Are we prepared for a British Pearl Harbor?
Barbarossa. Pearl Harbor. Swindon? Surprise attacks can, in a moment, change the course of history, the destiny of a nation and the future of a leader. After it was revealed this weekend that the Iranians have developed missiles capable of reaching the United Kingdom – and reportedly attempted to hit the UK-US military base on the Chagos islands – we should be more worried than ever about the possibility of a British Pearl Harbor style attack.

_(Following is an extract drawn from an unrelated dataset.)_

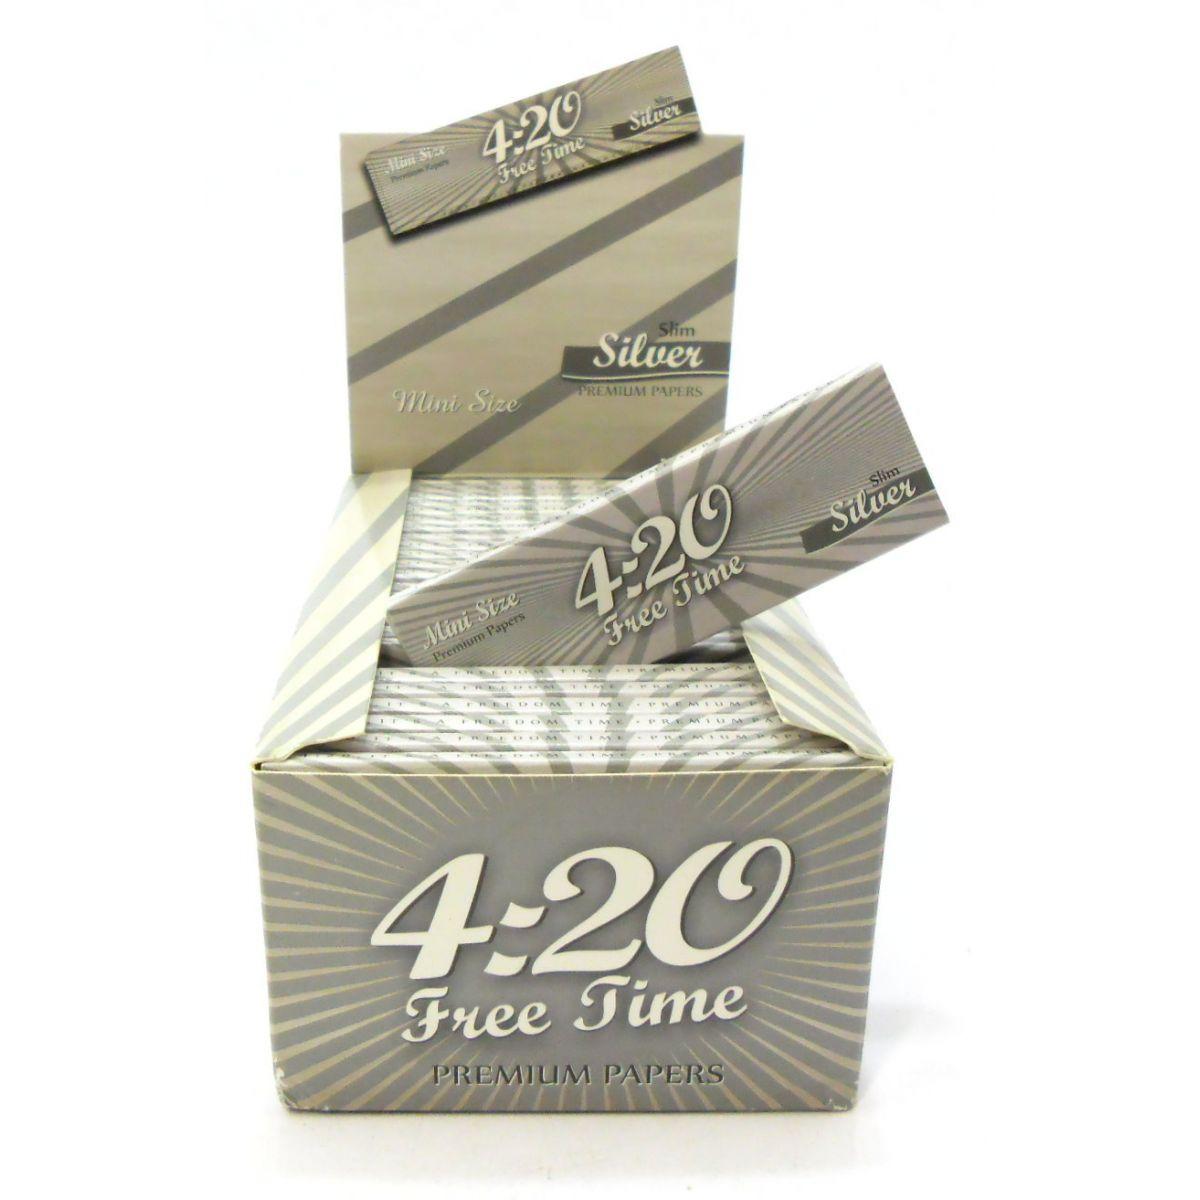 Caixa de seda ULTRA420, MINI SIZE, SILVER, caixa com 50 livros com 50 folhas cada.

Imagine the scenario: a single conventionally armed ballistic missile is detected launching over a thousand miles away from Russia or Iran – target: the United Kingdom. There is little that Starmer can do to stop it. The nation that built the world’s first integrated air defence system no longer has one – successive prime ministers have been happy to rely on the American military to defend our homeland instead. Of the two missiles fired at the Chagos islands, one is reported to have failed and the other intercepted by the Americans. In our scenario, approximately ten minutes after being alerted to the missile, it hits a new drone factory in Swindon, one of two such sites operating in the UK, knocking out a key military technology. Certainly, this scenario may sound unbelievable, but that’s the thing about surprise attacks – they are unbelievable, until they are suddenly, and bloodily, not.
On 22 June 1941, Adolf Hitler launched Operation Barbarossa. More than 3.8 million Axis troops invaded the Soviet........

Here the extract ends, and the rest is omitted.